The piece goes on to explain that addiction to opioids is just one facet of a problem involving addicts who cannot properly take care of their children. That has ramifications for the child welfare system and flows through to other aspects of the social work process.

“Beyond the opioid epidemic,” the piece concludes, “there’s always been a demand for people who want to help others, and as populations grow, change and age, more of them are needed.”

Shortages of social workers are something we’ve all been contending with for some time now. And while it’s refreshing to hear of graduating classes of newly credentialed social workers have no trouble finding work, the jobs into which they then go are fraught with stress. The pressure on a social worker who has adequate resources and leadership support is significant in and of itself. Now stretch resources thin and add in leadership that may not always understand what individual social workers want and need. The problems of social work are confounded and the stress on social work personnel can become, at times, untenable.
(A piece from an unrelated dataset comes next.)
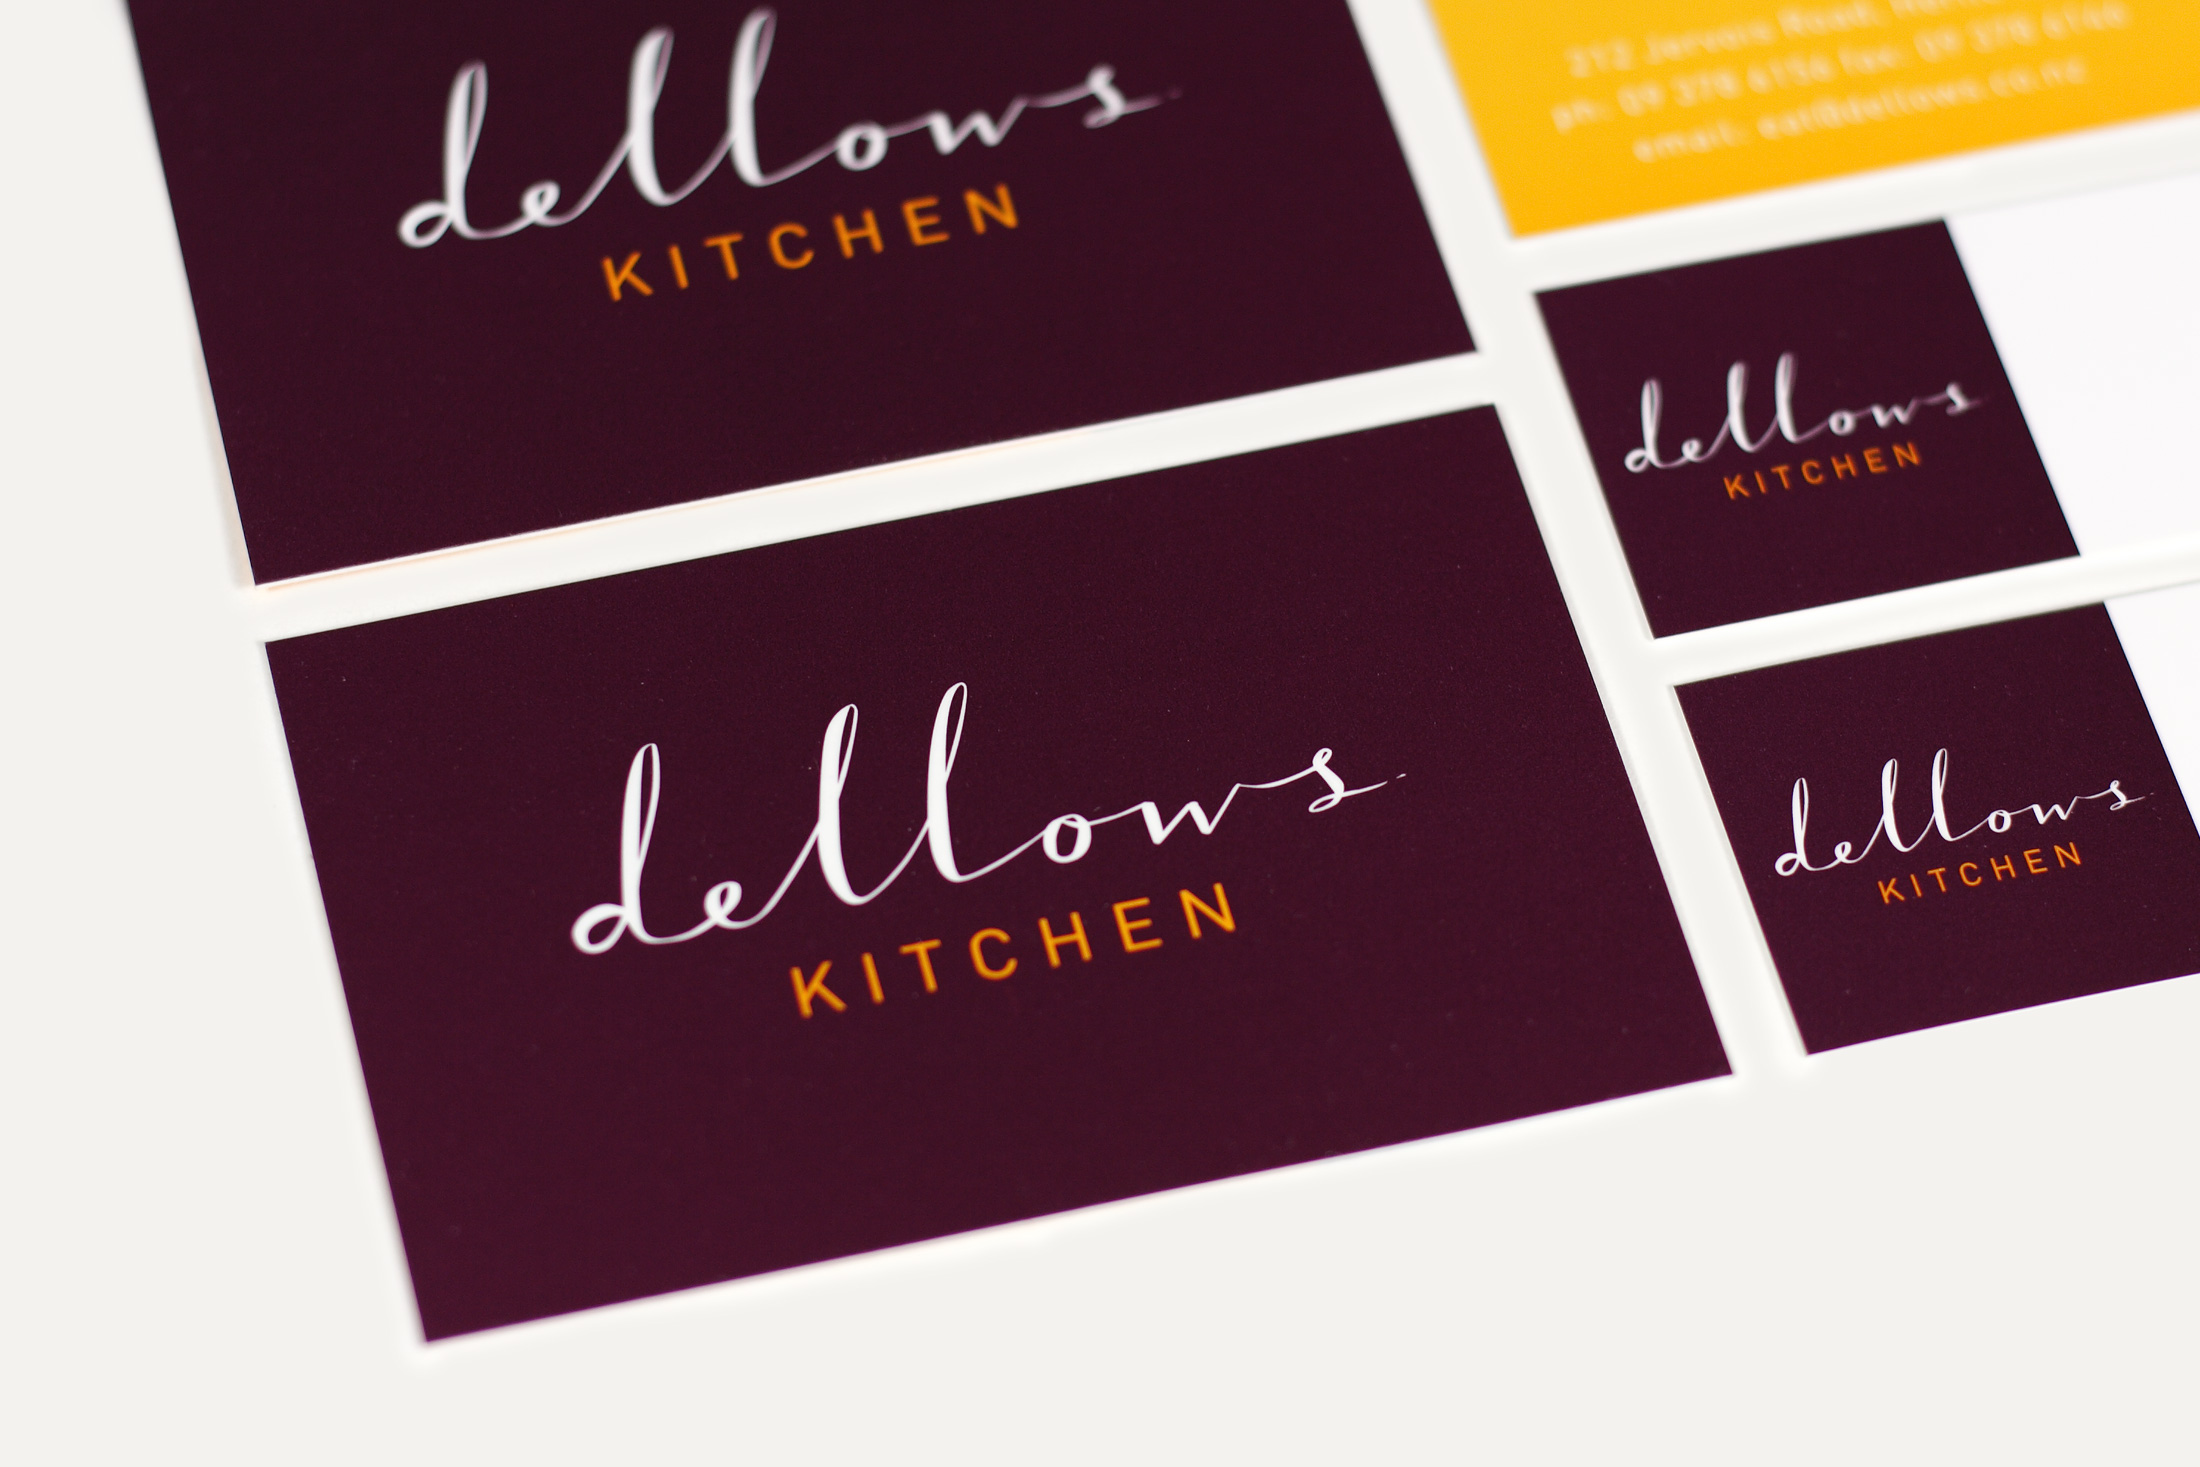  Dellows Kitchen 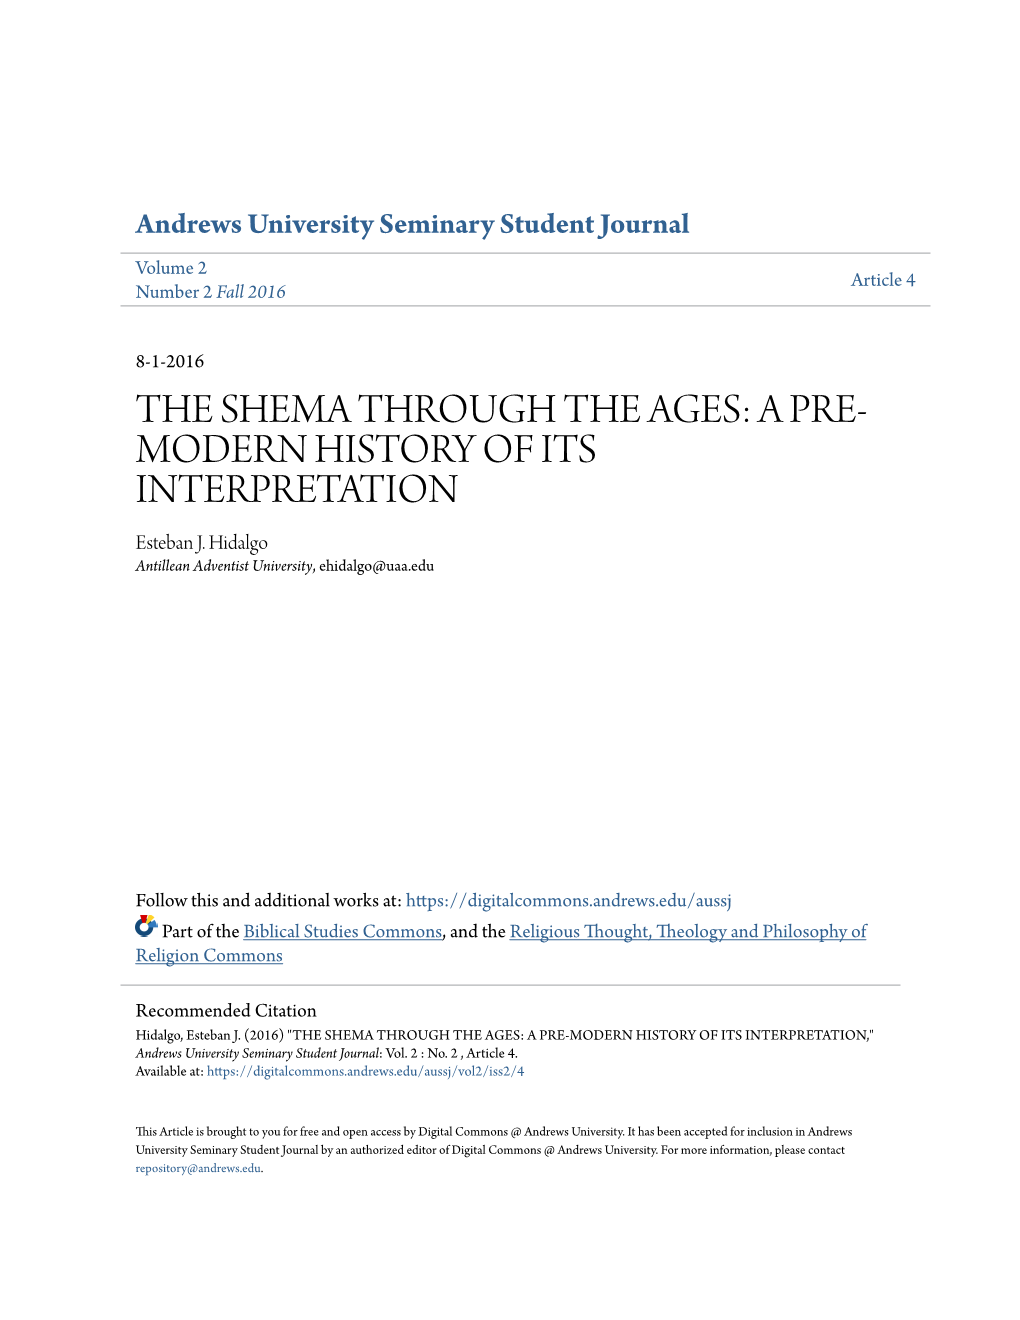 THE SHEMA THROUGH the AGES: a PRE- MODERN HISTORY of ITS INTERPRETATION Esteban J

Related to these issues is the issue of staff “churn” among social workers — something we’ve covered previously in this blog. The shortage creates so much pressure that people often do not stay in these jobs… creating a greater shortage that creates so much pressure that people choose to leave. It is, as you can see, a vicious cycle.

What are your experiences with that vicious cycle? How do you cope with the stress and pressure of social work? Do you feel you are receiving adequate support from your organization’s leadership? Please let us know here.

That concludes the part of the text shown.